The position was quite an honor. After more details about money, Alma noted:
Prof. Grover said it was very unusual to give the place to an undergraduate but my work in Botany and my record in my other college work fitted me for the place. It is always given to a post-graduate student who is working for her second degree. As I am not a P.G. he said they could not remit my tuition or pay me the usual salary.
And of course she was thrilled not to have to take further time off to save more money:
I am so glad I am going to be in Oberlin for a few years more. I was so afraid I would have to come back here to teach and I hated the thought of it. The High School here is rotten. I may never have to teach in a High School now. All my predecessors in that place have college positions. Anyway I won’t have to do it soon. I am so relieved. I know I shall like the work at Oberlin. I know what it is like.
The job made her very busy; she wrote to Will in October:
I am very busy this year. I never was so busy in my life. I don’t waste much time - I can’t get any to waste. I spend all my afternoons except Saturday in the lab. I have seven hours a week of recitation work in the morning and the rest of the morning I spend in lab work. I do my studying at night but I am usually so sleepy at the night that I can scarcely ever study more than two hours. I am taking ten hours work - ⅔ regular work. 3 hrs of Botany, 4 hrs of German, 2 of Bible (required) and one of English Composition. I wish I hadn’t anything to do but work at Botany. The Eng comp and the German are both practical but I don’t want Senior Bible though doubtless it is very good for me. I need composition, for I may want to write a book some day and I need German to read scientific German.
But, being Alma, she still found time for extracurricular activities. In May 1904 she wrote to Will:
We are going to have a Mock Republican Convention next month. It will be a great affair. It lasts two nights. There will be delegates from all the states. Booker T. Washington is to lecture here tonight and I am going to hear him. We have so many colored people here who are not bright that it will be refreshing to hear one who is.
Oh, well. Nobody was expected to be politically correct in 1904.
What was probably more important to her was basketball. She never mentions it in her letters, but her yearbook entry says she was on the basketball team all four years that she was at Oberlin. It also identifies as team members all three of the female classmates who are mentioned in the letters, and one of them, from Massachusetts, came home to Canton with Alma for a visit in the summer of 1904. So I get the impression that she was more interested in spending time with her basketball teammates than with the students who shared her botanical interests, who seem to have been mostly if not all male.
Her youngest sibling, Eva, graduated from Canton High School in 1903, and in 1904 Mama Margaret decided to move to Oberlin, along with Eva and Fred, who would both be attending Oberlin.

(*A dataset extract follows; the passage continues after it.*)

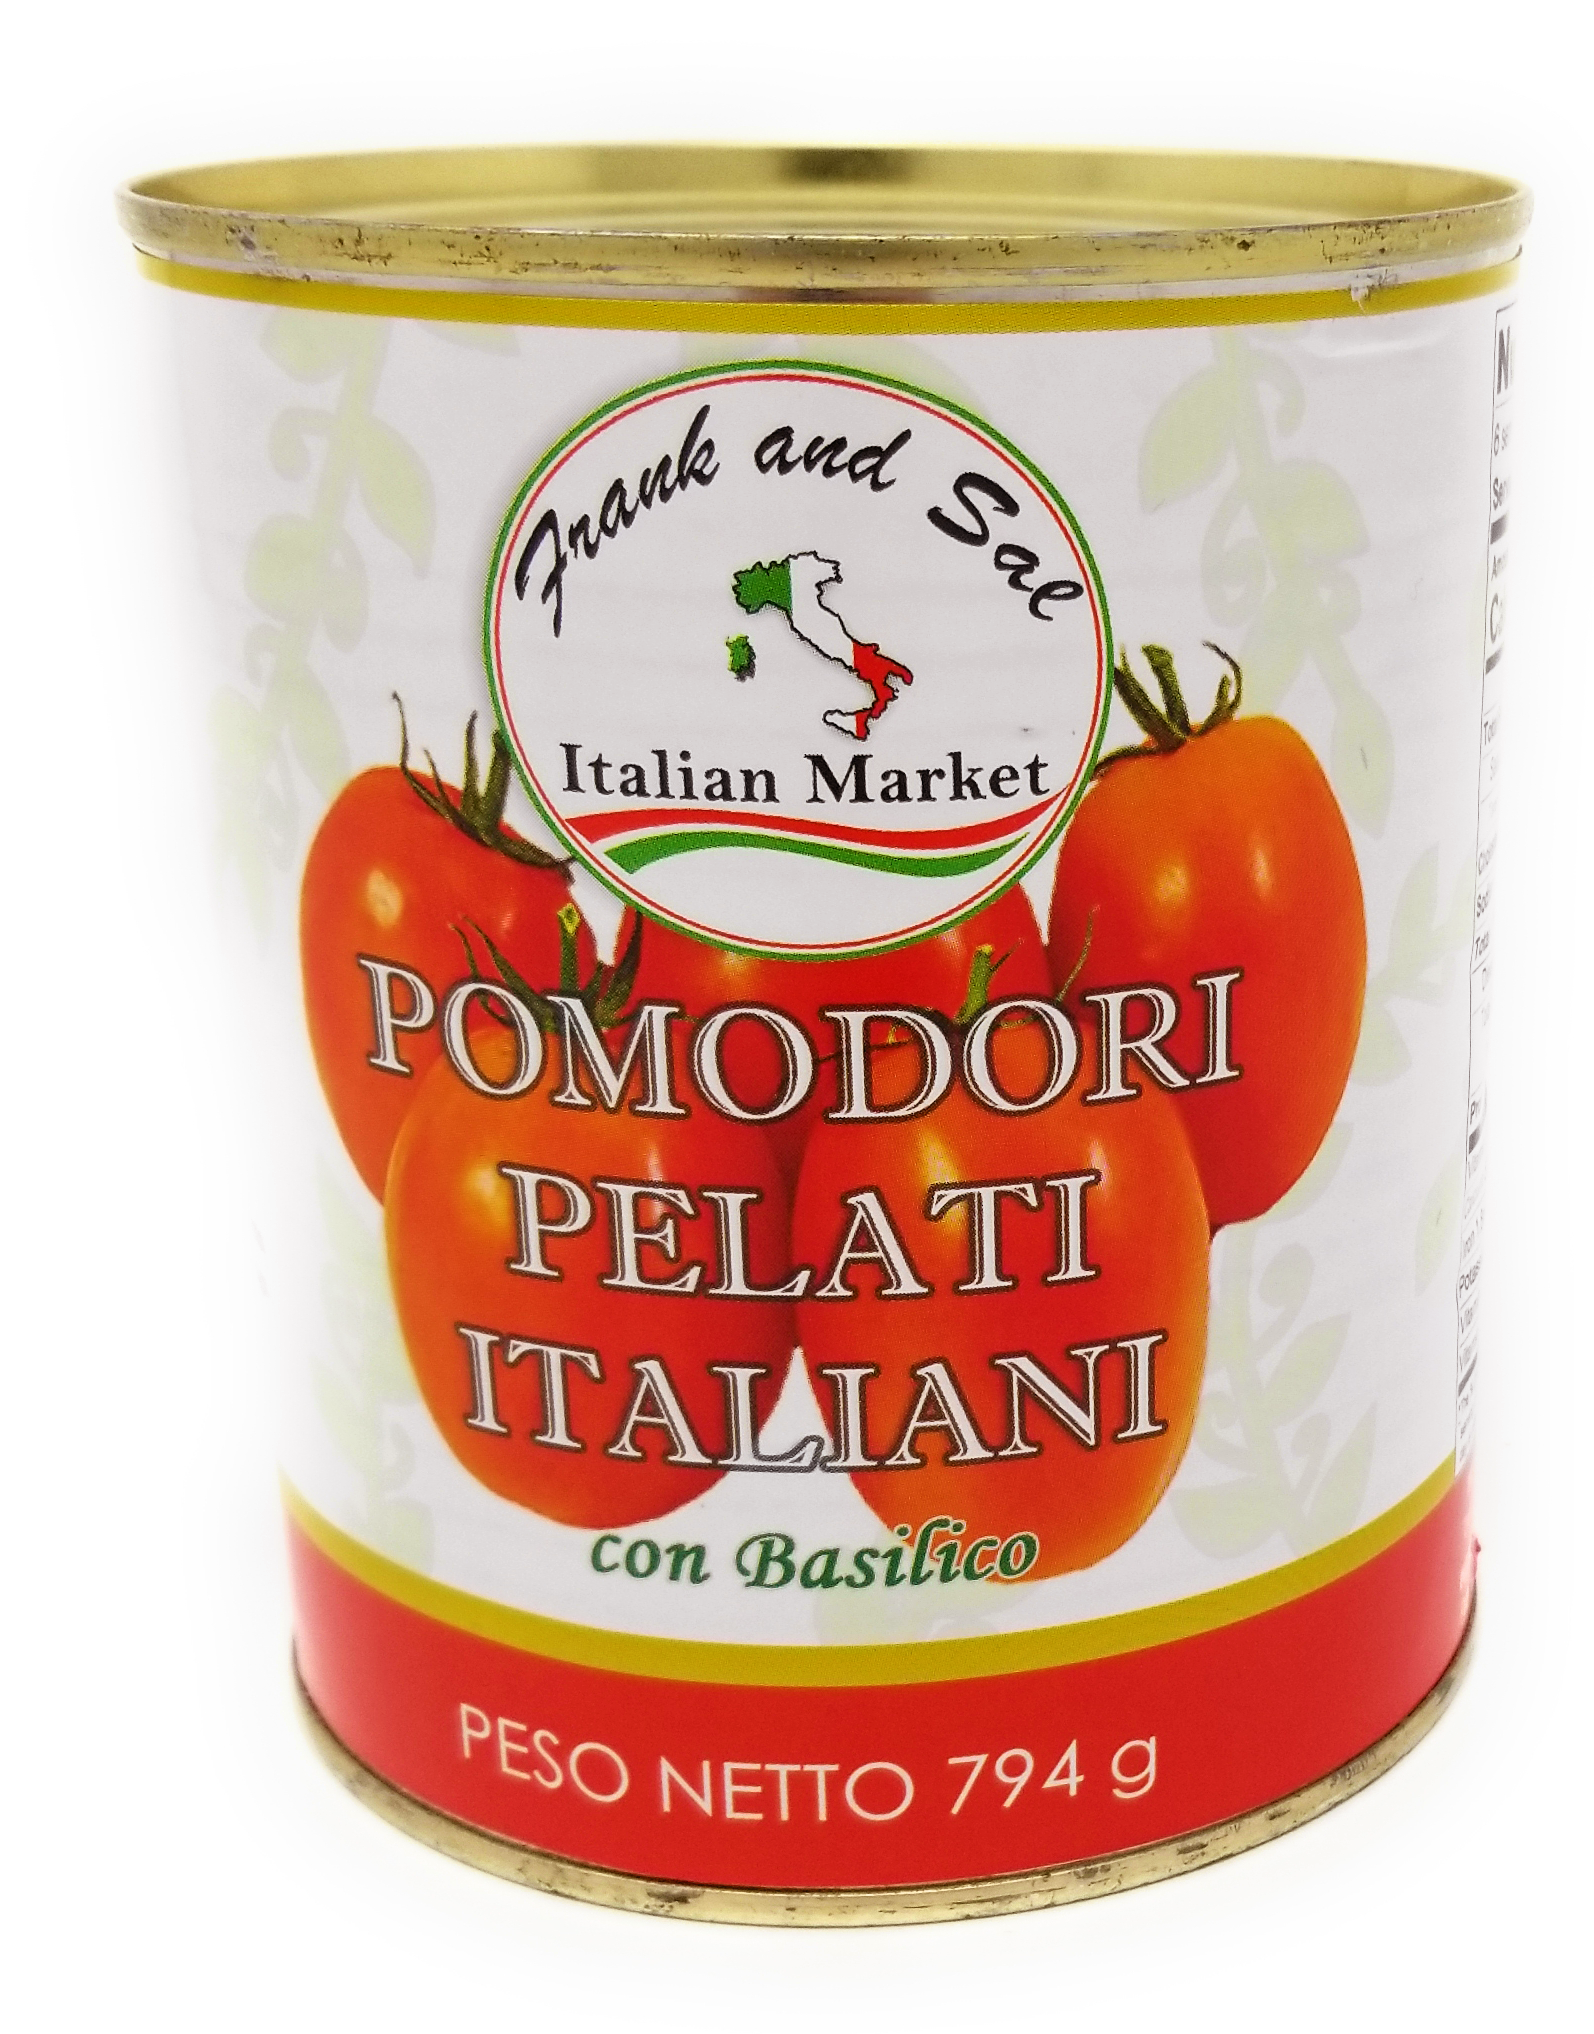 Whole Peeled Italian Tomatoes With Basil - All Natural Product of Italy - 3 Easy to Open Pull top 28 ounce Cans - Kosher

Alma put a lot of work into this enterprise, first finding the Oberlin house in late June…
I finally found a house. Eva and I got blue as indigo while we were hunting. There aren’t any houses built to rent. I finally got one with a bathroom, a very nice bathroom but no furnace. There is a large nice range in the house. The house is on Lorain St very near the college buildings but in the same yard with another house.
…and then working with Mama Margaret in Canton on the move:
We are getting ready to move. We hope to ship our goods the first of next week. I packed the books to-day. You will be surprised, pleased and charmed to see how completely we have destroyed the trash. Mama destroyed all that her conscience would allow and then I continued the good work until the limits of my very elastic conscience were satisfied.
As she told Will in 1903, she had to stay at Oberlin until 1905 to finish her coursework because of the time she spent on the lab assistant's job, but she must have less schoolwork to do, so she had more time for fun. acting in a French play and in a farce.
She went on to the University of Chicago, and received her Ph.D. in botany from the University of Chicago in 1908.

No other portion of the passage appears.